Could you write out, exactly as they stand, only the lines in the listing below from the line with "T-Shirt FILA STREETWEAR" to the line with "飛騨萩原駅(JR高山本線)の固定資産税・固定資産税評価額 | トチノカチ", both ends included, without the pictures?

- Dataset extract -
=======

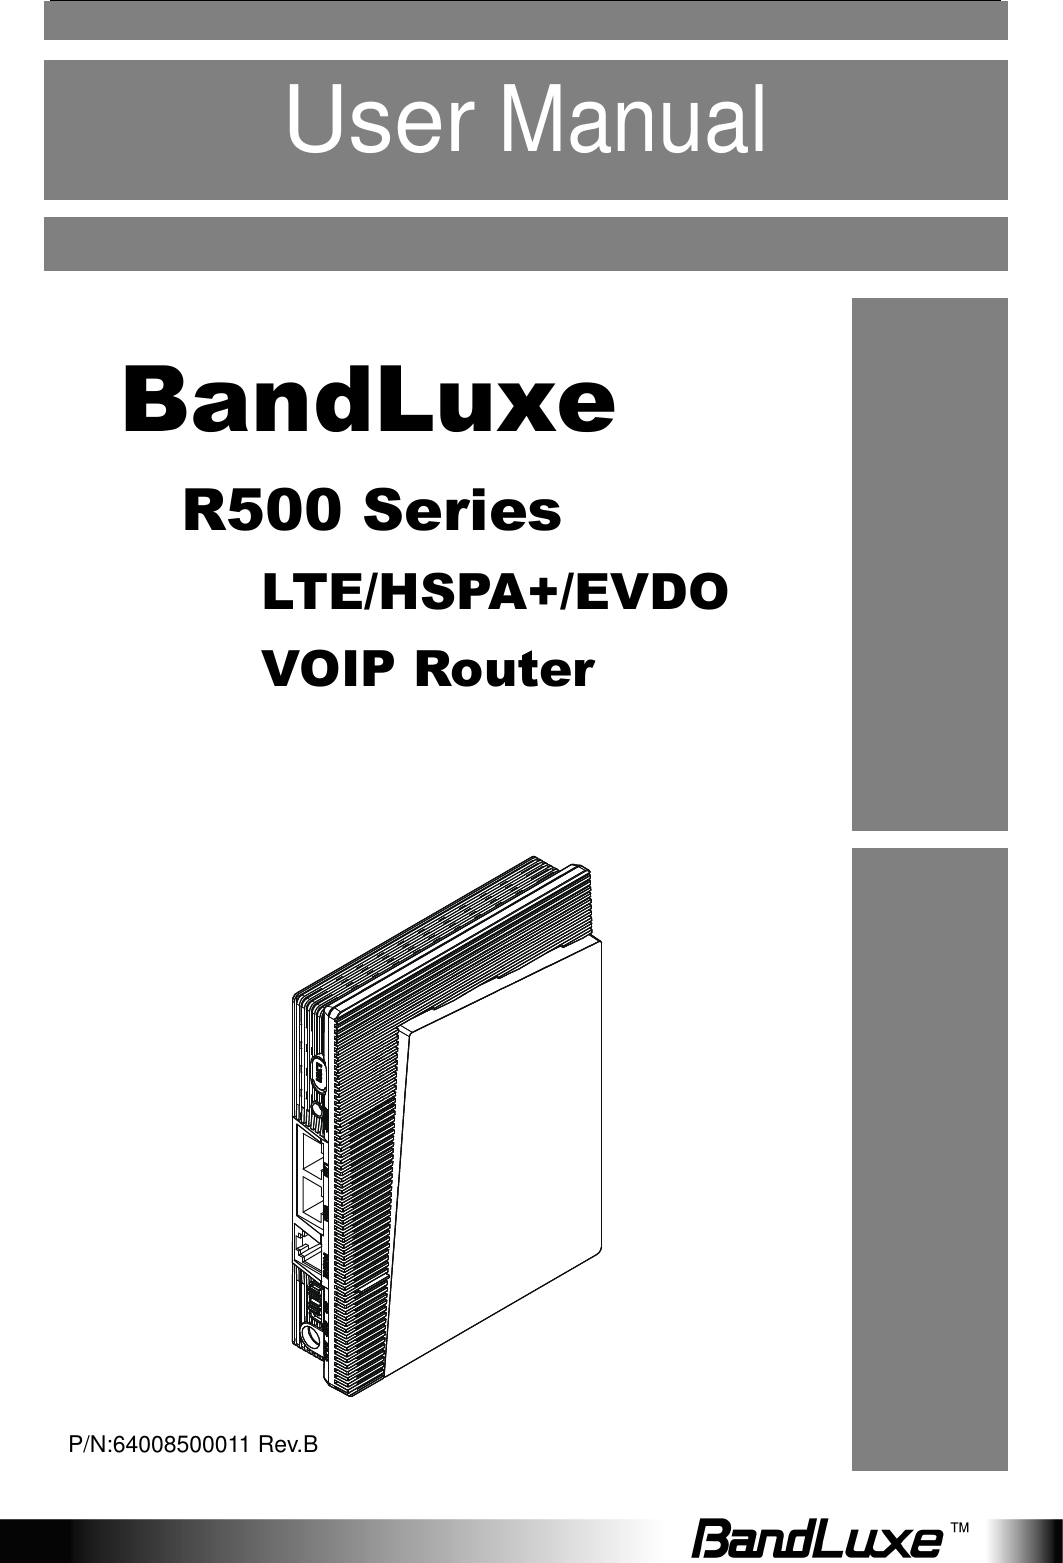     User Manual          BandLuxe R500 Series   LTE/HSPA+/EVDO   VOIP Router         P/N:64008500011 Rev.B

=======

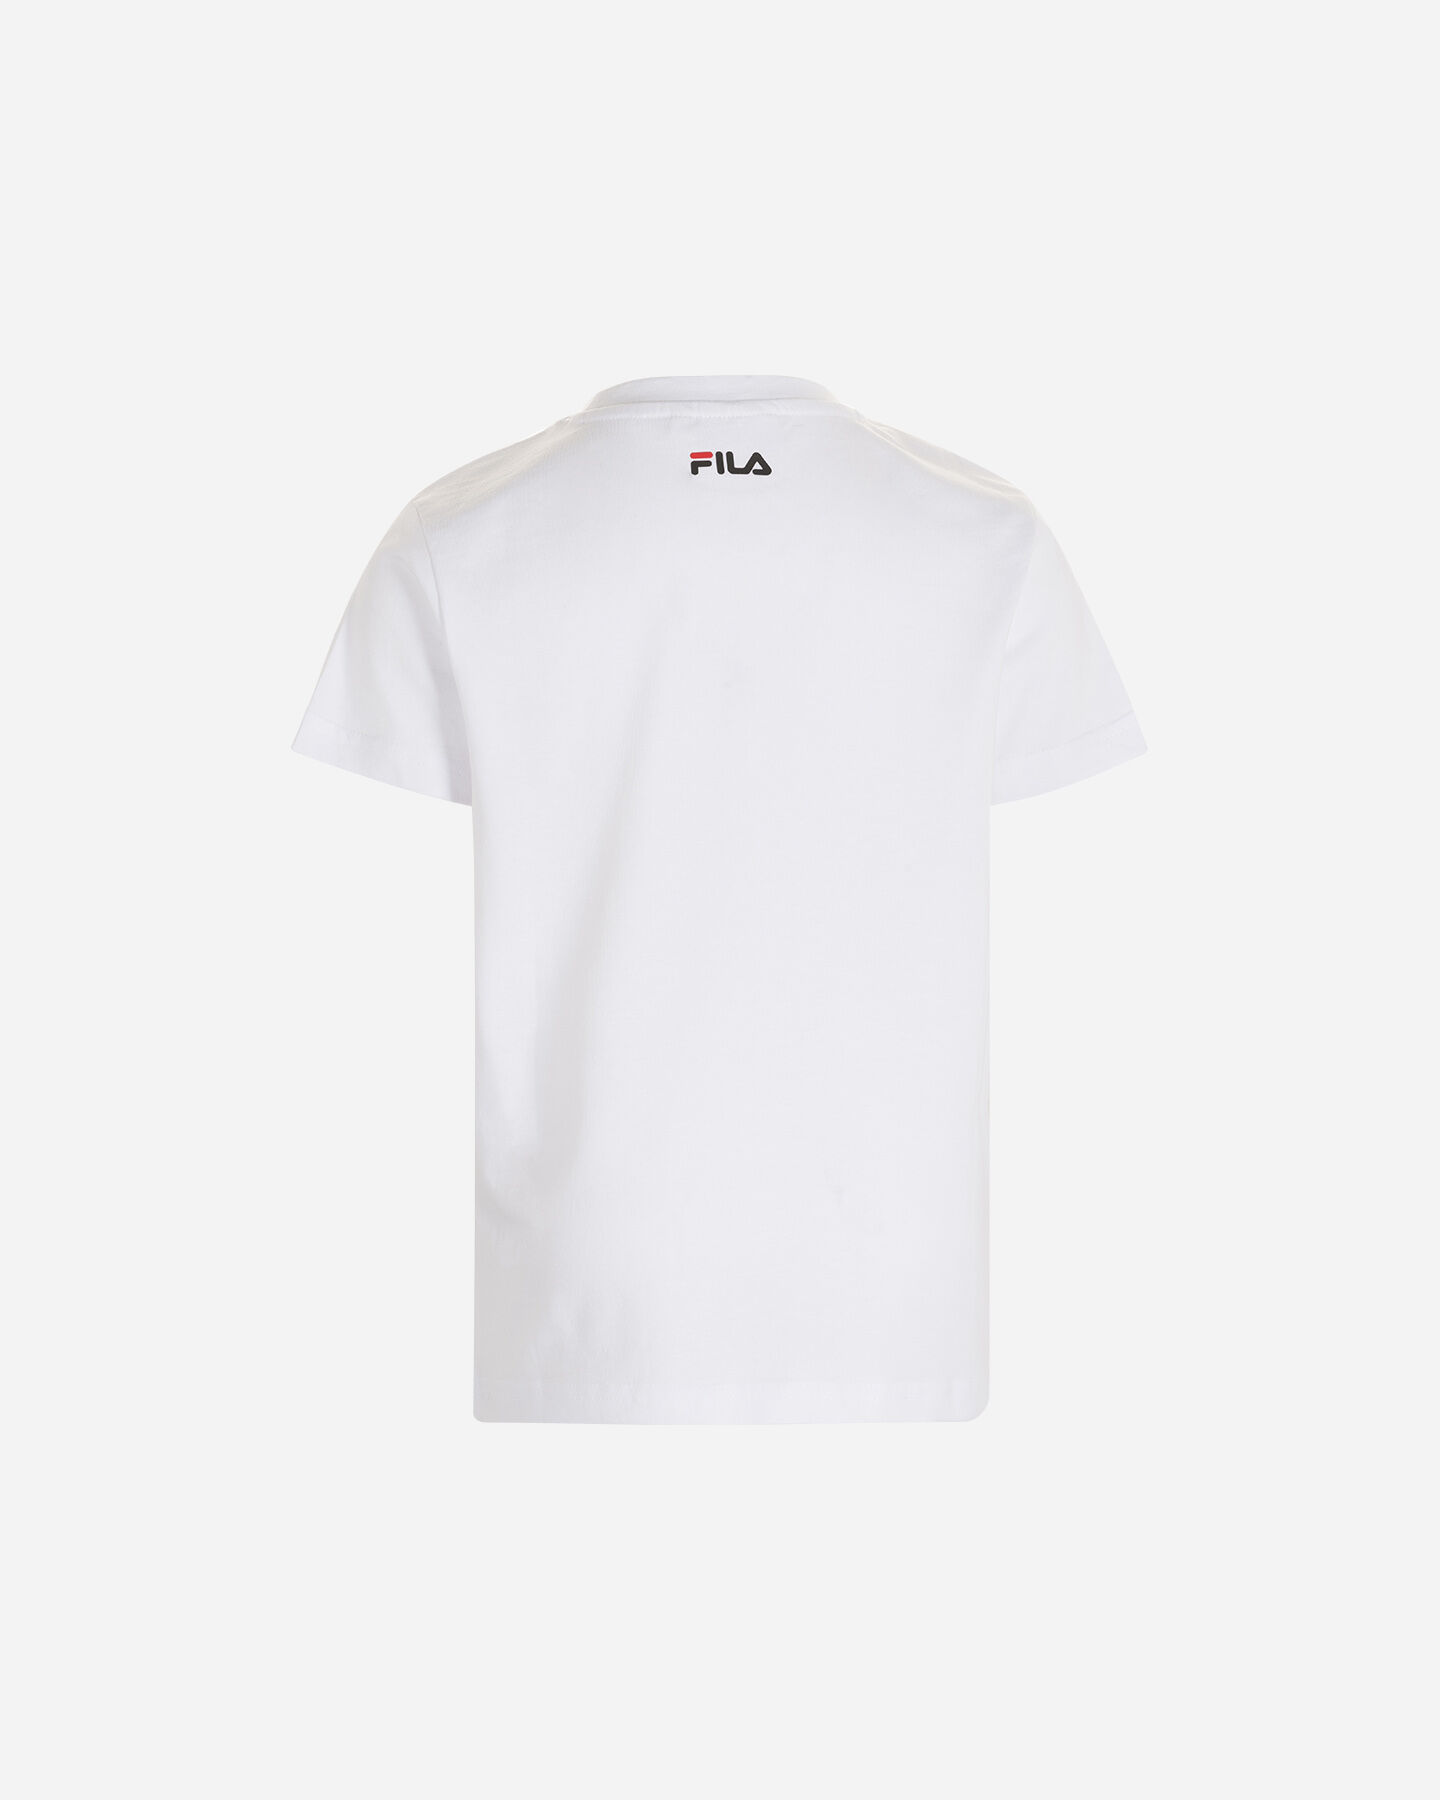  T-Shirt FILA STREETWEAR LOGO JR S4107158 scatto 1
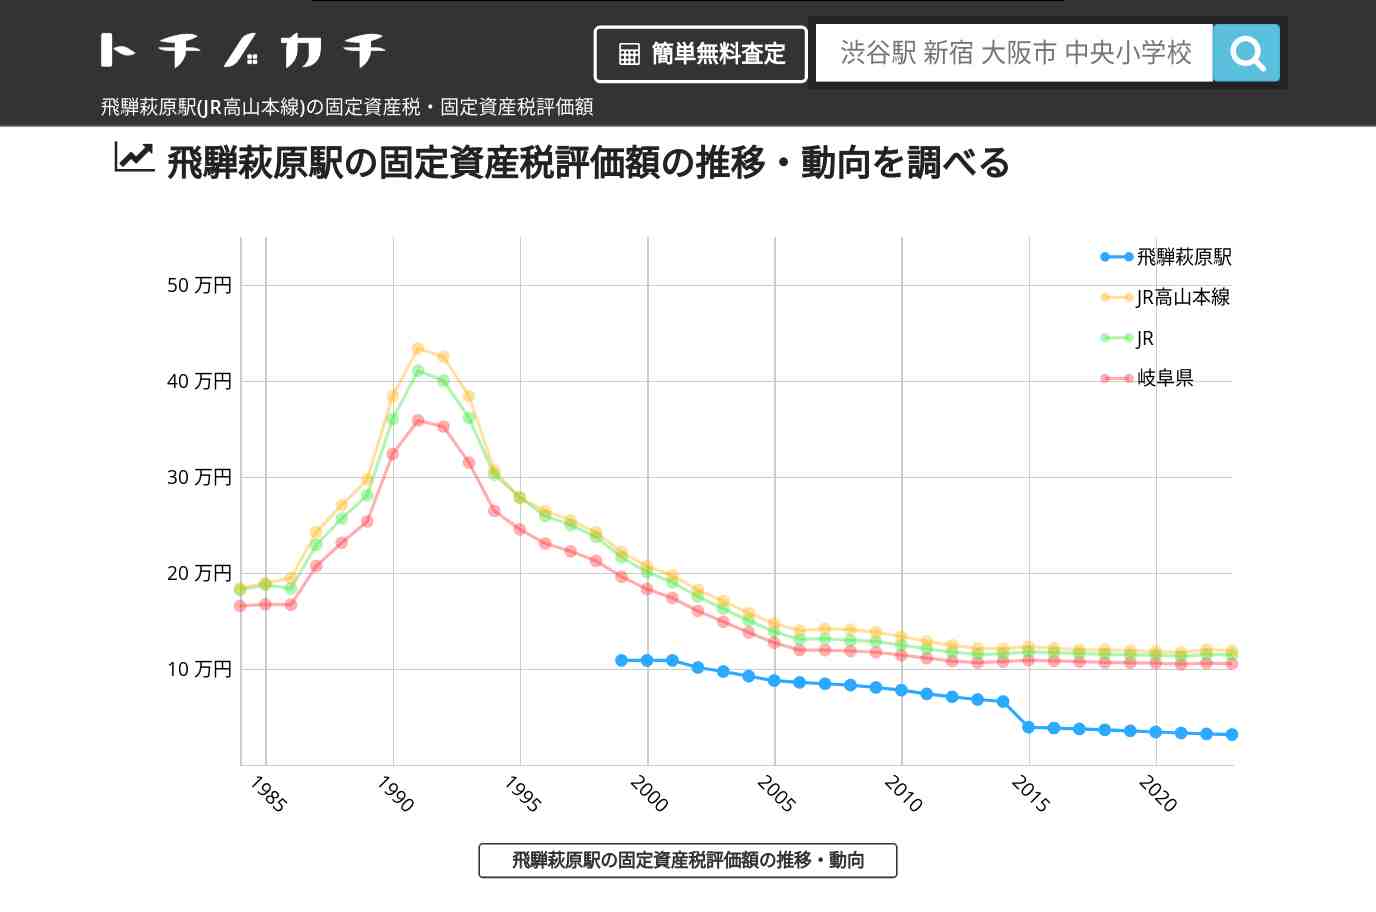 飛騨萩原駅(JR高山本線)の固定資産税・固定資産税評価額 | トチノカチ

=======

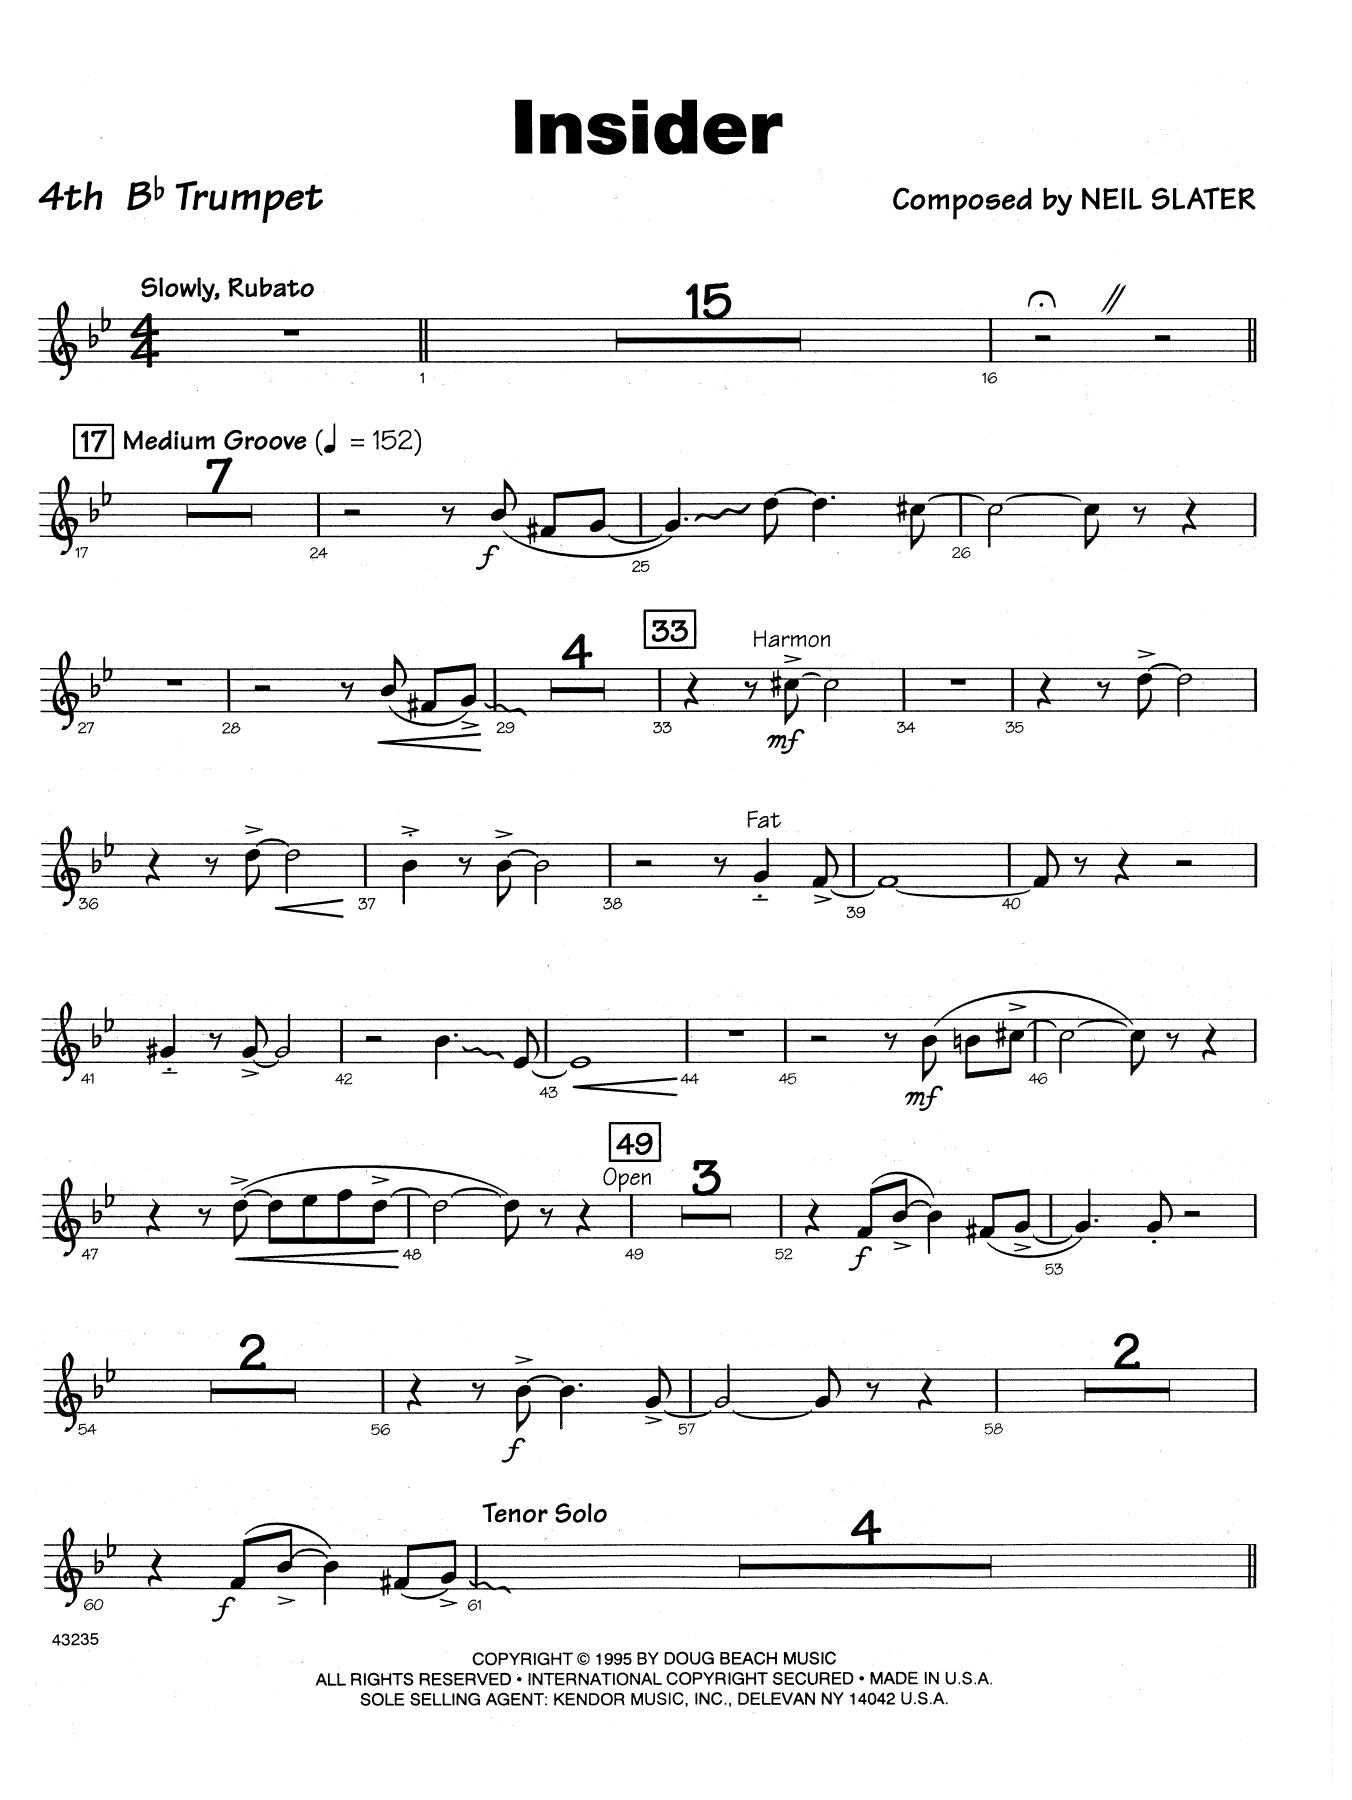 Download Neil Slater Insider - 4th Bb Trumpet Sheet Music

=======

- Solution to the problem -
  T-Shirt FILA STREETWEAR LOGO JR S4107158 scatto 1
 飛騨萩原駅(JR高山本線)の固定資産税・固定資産税評価額 | トチノカチ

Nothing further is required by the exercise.